The classification of problems is based on how efficiently they can be solved,
so the **complexity of a problem** is defined as
the complexity of the most efficient algorithm that solves it.
Like for algorithms, we could distinguish between the best-, average- and
worst-case complexity of a problem, but for the classification of problems
we're only interested in worst-case scenarios.

<div class="alert alert-warning">
<strong>Note:</strong> In this chapter, we only consider worst-case complexities
and I will therefore often omit the ' worst-case' adjective.
</div>

It's important to realise that the complexity of a problem is
the lowest complexity of *all* algorithms that solve the problem,
including those that haven't been discovered yet.
To be able to say that a problem has, say, quadratic complexity,
we must construct a quadratic algorithm that solves the problem *and*
we must *prove* that it's impossible to write a more efficient algorithm.

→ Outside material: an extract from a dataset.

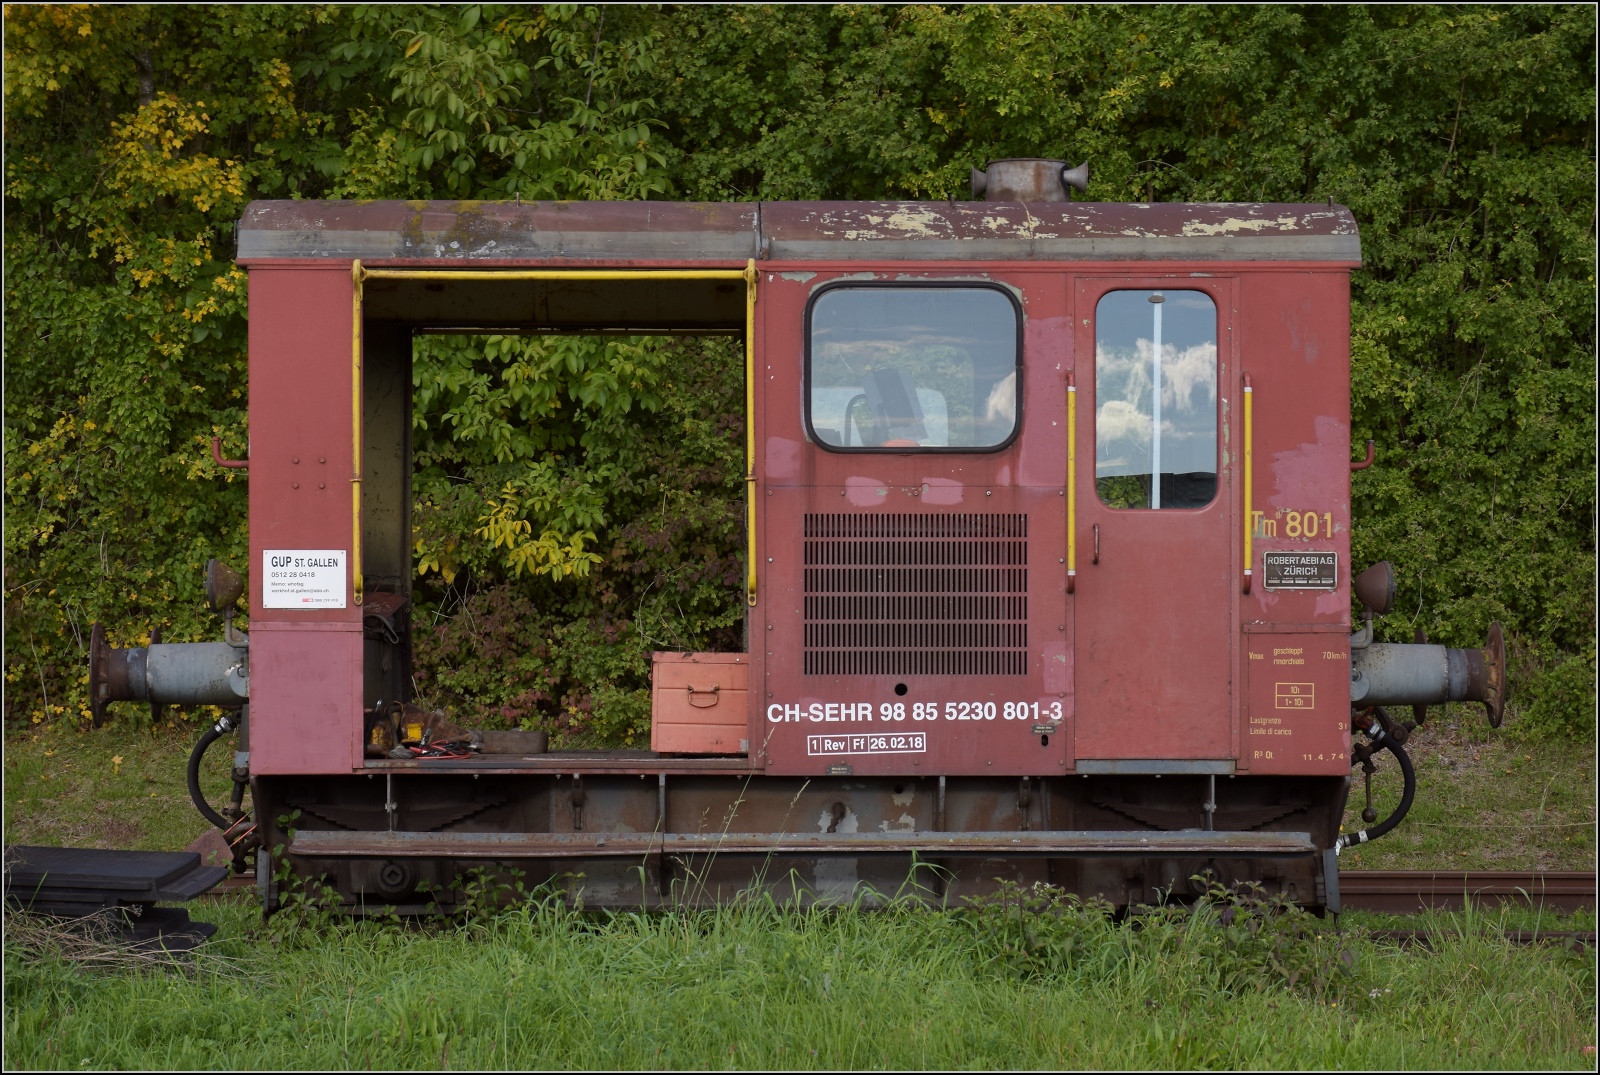 Schienenverkehr am Schienerberg. Nebenbei in Hemishofen, Tm II 801 ist wohl mobiler als die anderen und hat sogar eine NVR-Nummer bekommen: CH-SEHR 98 85 5 230 801-3 . Oktober 2022.

Consider the problem of sorting comparable items.
This problem has log-linear complexity because
there are log-linear algorithms that solve it, like merge sort and heapsort,
and there's [a proof](../14_Sorting/14_8_pigeonhole.ipynb#14.8.1-Comparison-sort-complexity) that
a log-linear number of comparisons is needed to sort the items.
Hence no algorithm with a lower complexity is possible.
(More efficient algorithms, like pigeonhole sort, only work
for items that can be sorted without comparing them.)

For many problems, like the TSP, their exact complexity is unknown because
there's currently no proof that the most efficient algorithm we know of
is also the most efficient algorithm there will ever be. In other words,
there's no proof that a more efficient algorithm is impossible.

All we can say for such problems is that their complexity is
*at most* the complexity of the most efficient known algorithm and
*at least* the complexity it takes to produce the output.
For example, the complexity of the TSP is at least linear, because
it takes linear time to copy all nodes to the output tour,
and at most exponential, because the best known algorithm has that complexity.
The exact complexity of the TSP could be linear, exponential,
or anything in between. We don't know which one it is yet.

### 26.1.2 Tractable problems

A polynomial is an expression of the form
$a_o + a_1×n + a_2×n² + ... + a_c×n^c$,
where the $a$'s and the $c$ are constants and $n$ is a numeric variable.
For example, 5 + 3*n* + 2.5*n*² + 0.5*n*⁴  is a polynomial with $a_3$ = 0.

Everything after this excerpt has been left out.